Search code examples
error-handlingstatastata-macros

Is it possible to make Stata throw an error by default when a global macro is not defined, instead of a missing string?


A feature of Stata that is sometimes inconvenient is that calling a non-defined macro returns the missing value . [edit: Stata actually returns a missing string "", not a numerical missing value], instead of throwing an error. A piece of code, whose correct execution requires the definition of the macro, may just run giving incorrect results if the macro name is misspelled.

E.g.: having defined global $options = , vce(robust), when afterwards one writes reg y x $opt instead of reg y x $options the program runs anyway and it may be difficult to realise that the vce() option was not considered.

Is there any way to force Stata to issue an error in this case or is there some useful trick/best practice that can be used to reduce the risk of incurring this sort of mistake?


Solution

  • The feature is described incorrectly. A macro that is undefined is evaluated as an empty string, conventionally written "", i.e. the delimiters " " contain nothing, or -- if you prefer -- nothing is contained between them.

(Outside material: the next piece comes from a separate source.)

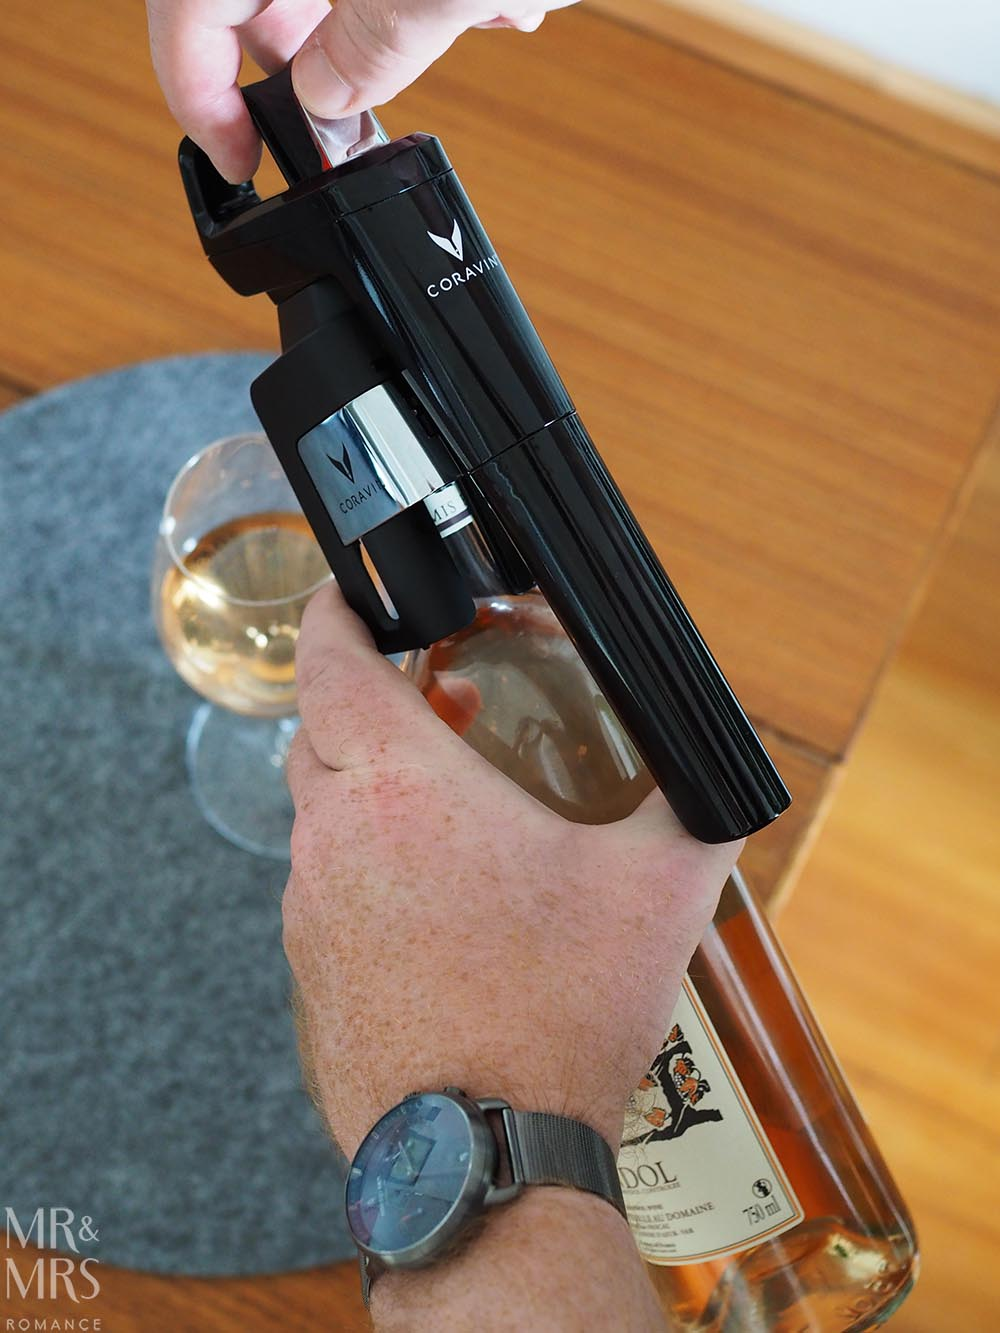 POV Coravin wine preservation system

    A macro that is undefined is not ever evaluated as numeric system missing, written as a period . (call it dot or stop if you want).

    You would see system missing if the macro were set to contain something else that was system missing, which is entirely different. Saved results from programs, for example, might be system missing.

    One way to understand this is that macros in Stata contain strings, not numeric values; the fact that some macros have a numeric interpretation is something else. So, an undefined macro is evaluated as an empty string.

    Stata programmers learn to use this feature constructively as a way of allowing defaults when macros are undefined and other choices when they are defined.

    You are correct that the feature is a source of bugs, as when a spelling mistake leads Stata to see a name that isn't defined and just ignores the reference. The bug is still the programmer's bug, not Stata's.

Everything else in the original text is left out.